Life on the Pitch

Josh VanDyke • Jan 10, 2019 at 1:00 AM

It was a difficult decision for then-senior student-athlete Aaron Cummings, as he prepared for his spring season at Grand Haven High School in 2015.

After spending most of his athletic career excelling on the track and field team for the Buccaneers, the versatile athlete decided to take a risk — joining the Grand Haven rugby club and leaving his track days behind.

That decision, while risky at the time, has changed Cummings' life forever, as he committed to the sport and excelled to the point that he can now call himself a professional athlete.

Last week, Cummings signed a professional contract with the New England Free Jacks, an expansion team in Major League Rugby, as he continues to chase down his dreams on the pitch.

"It was wild," said Cummings of the experience. "This is something I've been praying about for a long time and to see it unfold like this is truly a blessing. I just think about all the times that I stayed up until 2 a.m. watching film and all the hard work I've put in both on the pitch and in the weight room, and this proves that I made the right decision.

"For the Free Jacks organization to give this opportunity means the world to me. I've been passed over a lot through the years, so for them to believe in me and give me a chance to prove myself is something I won't take for granted."


Cummings was a three-sport athlete at Grand Haven, excelling at football, wrestling and track for the Buccaneers.

After committing to play football at Davenport University, Cummings decided to give rugby a try in the spring, after completing his final season on the mat for the Grand Haven wrestling program at 162 lbs.

The physical nature of the sport and the camaraderie within the rugby community are two things that really drew Cummings in initially.

"I enjoyed the physicality of the sport and culture around it," he said of his initial impression of rugby. "It was really a family atmosphere. I felt like I didn't just have teammates; I had brothers that I was willing to do anything for.

"It's just different. There's no other sport where both teams sit down and have dinner together after competing in a high-intensity game like that. There's so much respect between athletes and coaches, and it's just a very supportive community."

The decision to quit track and try a brand-new sport was not an easy one, as most of Cummings' family wanted him to stick with track and focus on his future football career at the college level.

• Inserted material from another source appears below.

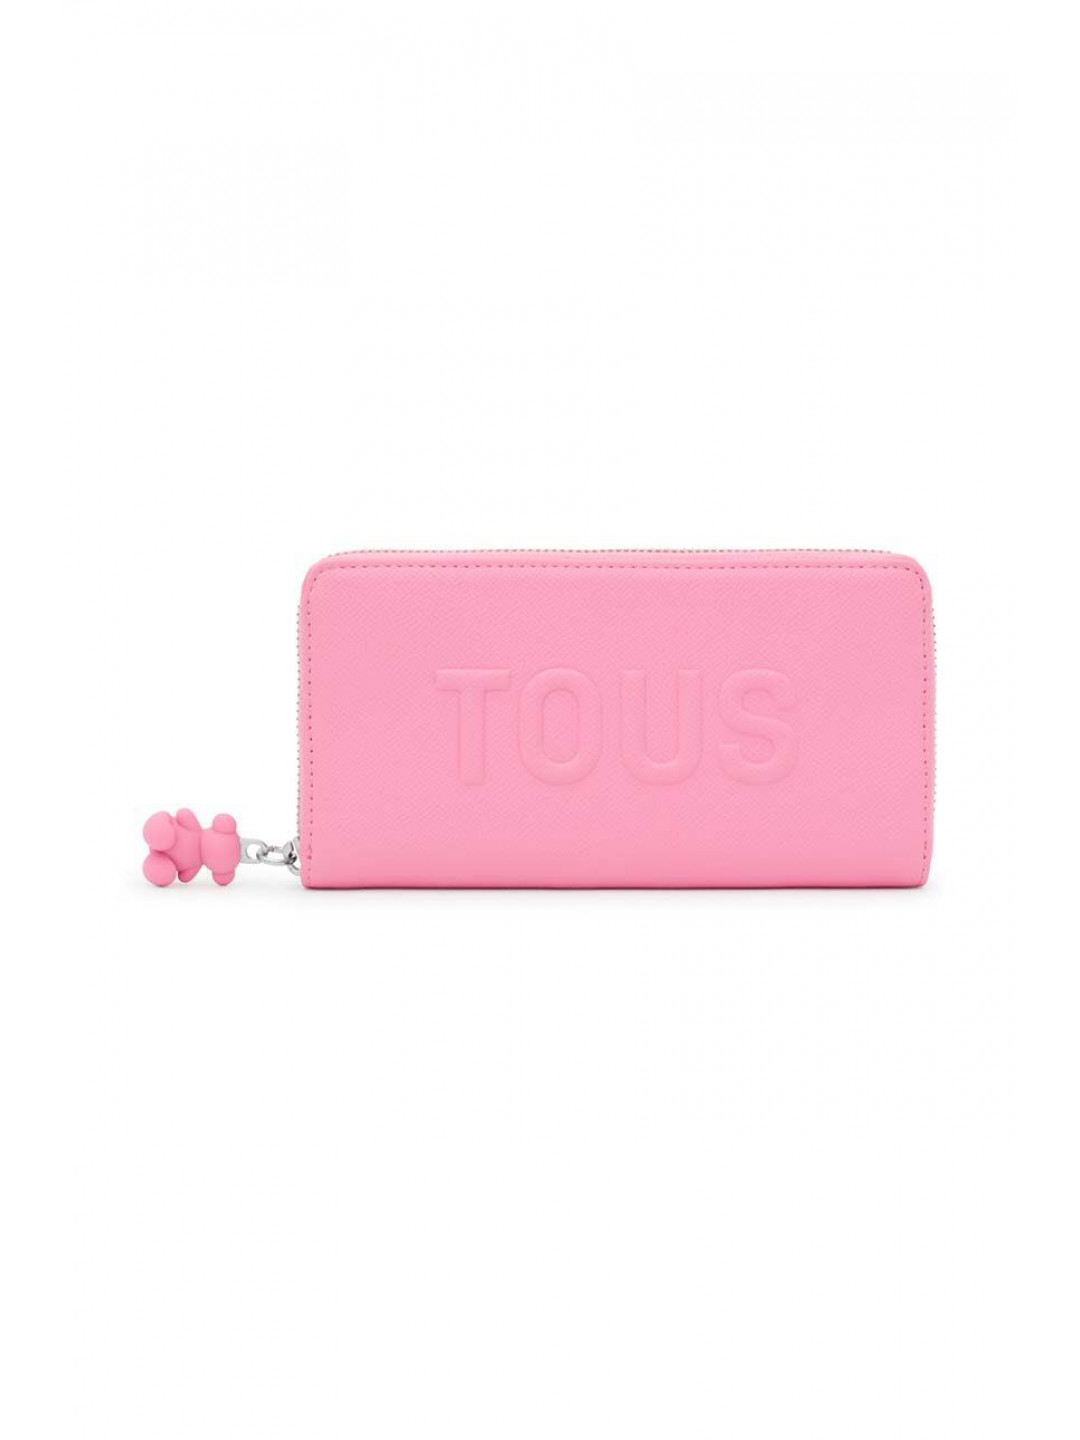 Peněženka Tous růžová barva

"I didn't want to quit track," he admitted. "My grandma wanted me to keep doing track, and I had already made the decision to play college football at Davenport. My decision was basically, ‘It's my last year in high school and I wanted to try something new'. I fell in love with rugby right away and I knew it was something that I wanted to stick with."

When he first walked onto the pitch, Cummings was immediately floored by the level of commitment that his teammates had for the game and the nature of head coach Dave McDonough.

"It was eye-opening for me," he admitted. "It was really cool to see how a different sport operates and how much technical things go into the game. Coach Mac (McDonough) is such a great coach. He's a laid-back guy, but he's also demanding of his players.

"His practices are fun and challenging, but you learn right away that when he talks, you better be listening. He really got everyone ready for combat, and he and coach (Tom) Foley have always been in my corner. I can't thank them enough for what they've done for me."


After getting his first taste for rugby in his senior season at Grand Haven, Cummings continued to keep the option of playing college rugby in the back of his mind.

"The Davenport rugby club was actively recruiting a few of my teammates when I was at Grand Haven, and they were looking at me, too. I was originally committed to play football there, but they let me come out for rugby that spring of my freshman year.

"I played both sports for two years, and then made the switch to rugby full time because that was my best shot at going pro."

Another difficult decision for Cummings was made easy due to staff changes after his sophomore season.

"After my second year on the football team, my position coach took a job at Western (Michigan University) and I decided that was it, that was my out. Over time, I just fell out of love for football and decided rugby was where my heart was."

Staff changes within the rugby program made life challenging for Cummings, as well, but one change to his own game may have vaulted him to the professional ranks.

"I went through three different coaches at Davenport," he said. "My first coach taught me the basics, and then my second coach switched me from a wing to a flanker. I hated it at the time, but I think that move really helped me become a better rugby player.

"Wings and backline players are like the wide receivers of rugby. They get all the praise and all the glory. Flankers are the inside linebackers. I love the physicality of that position, and it was a really easy transition for me."


After developing into a key player for the Panthers rugby squad, Cummings made another decision to invest in himself. He drove to Saginaw to workout at a combine that the New England Free Jacks were putting on in order to scout for talent to add to their roster.

Once again, Cummings' belief in himself paid off.

"I went there and they offered me that day," he said. "I was blessed enough to receive a contract from them and it was like a dream come true. I believed that I could do it, but you never know what could happen. I just continued to work hard and take risks and believe in myself."

Now that his professional dreams have been accomplished, Cummings is motivated to reach even higher and, hopefully, realize his dream of representing his country someday.

"I want to do well in MLR and make a name for myself at the professional level, and then work my way to playing internationally and play for the USA national team someday.

"All I know is, I'm going to pour my heart and soul into this game, because it's already given me so many opportunities to do great things."